The adulation is manifest. As the grizzled chief minister leans out of his election campaign rath and chants his trademark “Haryana ek, Haryanvi ek (One Haryana for all Haryanvis)” line, hundreds jostle to shake hands with him. The socalled rath is in fact a massive outfitted bus equipped with a lift that takes him to the top to address bigger crowds.
The 15-day, 3,000 km Jan Ashirwad yatra of Haryana chief minister Manohar Lal Khattar, which wound through the state’s 90 assembly constituencies, will surely leave a lasting impression. With Haryana going to the polls in October, Khattar had launched the yatra to showcase his achievements and seek the blessings of the people—hence jan ashirwad.

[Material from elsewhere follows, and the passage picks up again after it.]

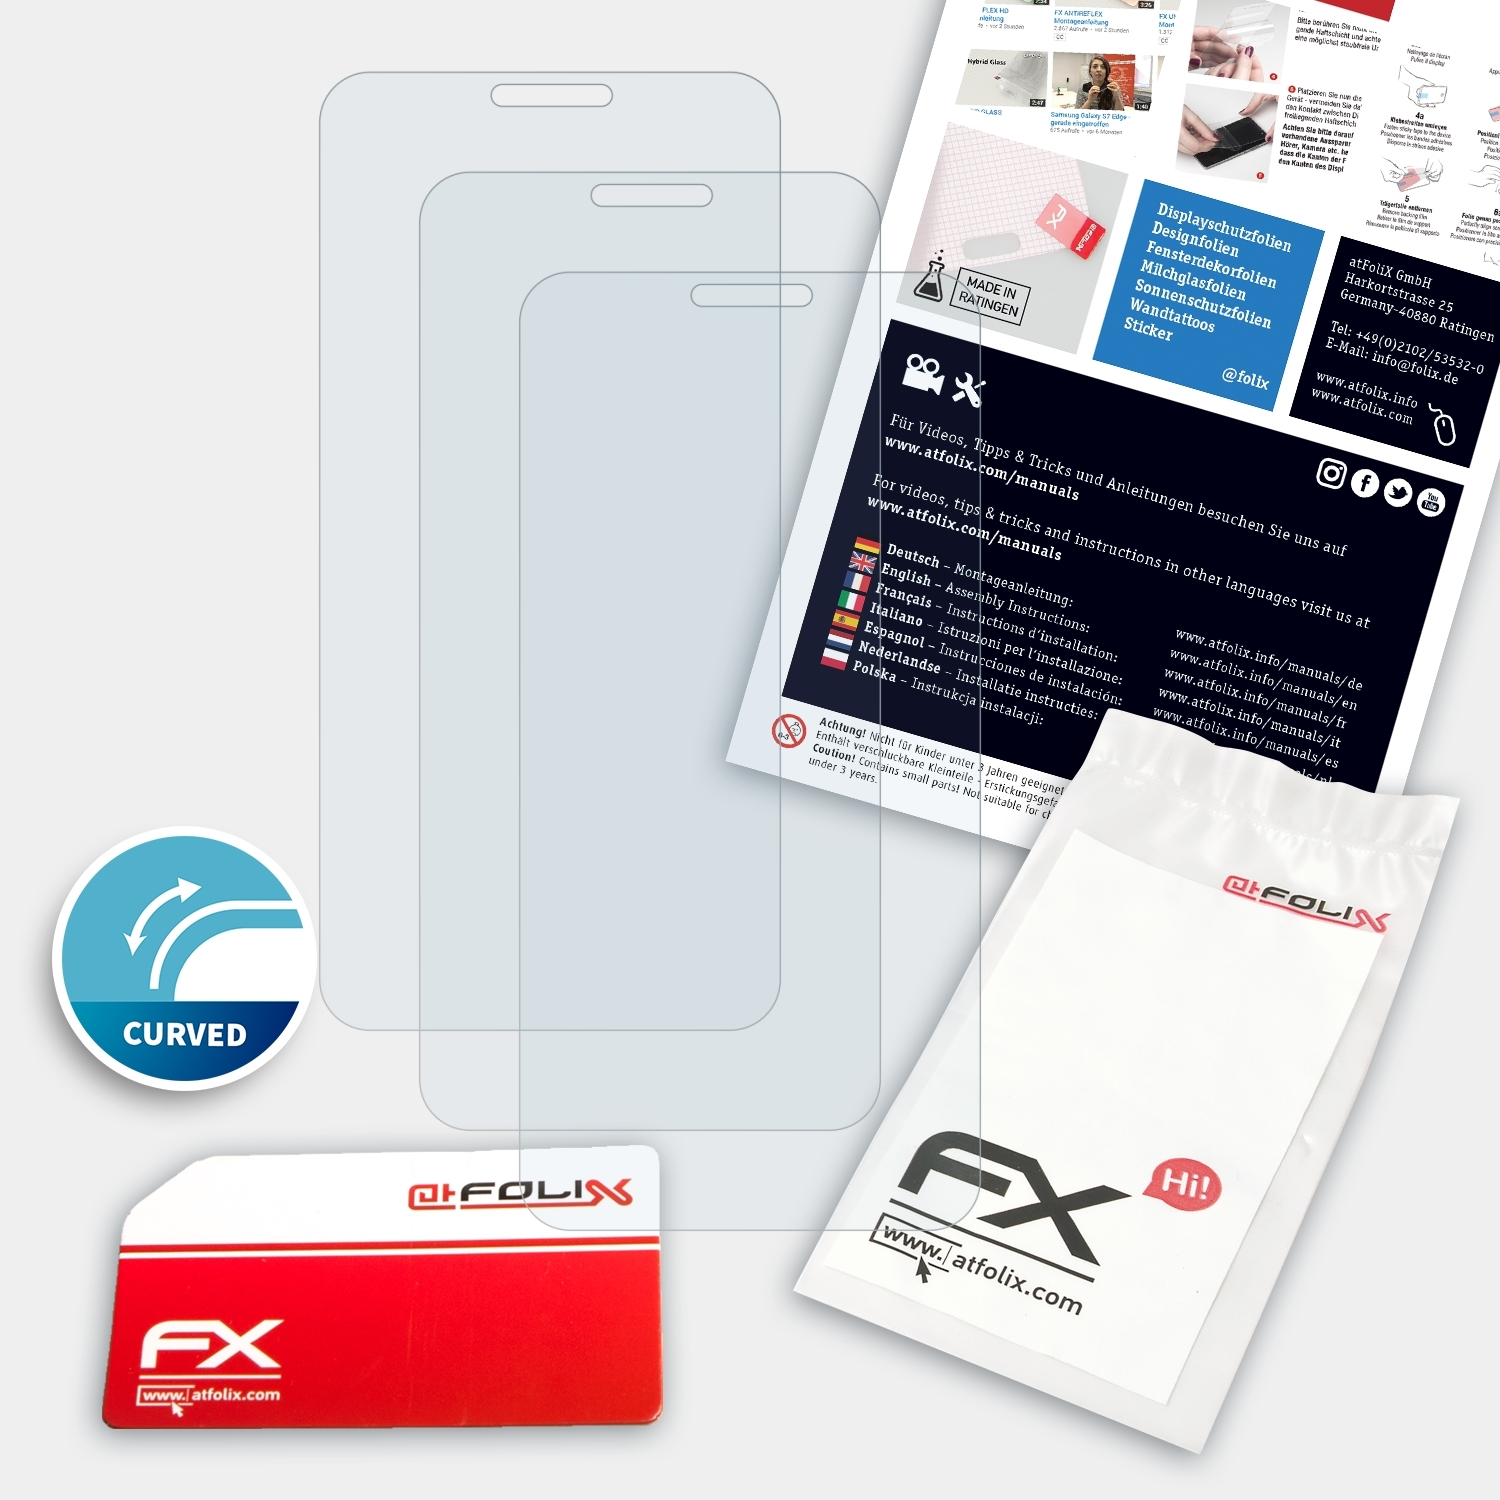 ATFOLIX 3x FX-ActiFleX Displayschutz(für Vivo Y81s)

As the rath enters Elanabad, a small town in Sirsa district, Khattar climbs to the top to address the crowd. They are effusive, though Khattar is no great orator. The chief minister sticks to his showcase themes—how he curbed corruption in the government departments, freed the state of the evils of caste politics. “In the last election, the BJP won only one assembly segment out of nine in the Sirsa Lok Sabha seat. Yet my government never discriminated against Sirsa, we have brought development to the area. You must now rise above caste and regional considerations,” he says. As the people cheer, Karnal MP Sanjay Bhatia, who is in charge of the yatra, bellows over the din: “This appeal of oneness by the chief minister has broken decades of caste- and region-based politics of favouritism and discrimination.” Khattar himself later says he was overwhelmed by the response to the yatra. “I must have shaken hands with at least one lakh people in these 15 days,” he told india today.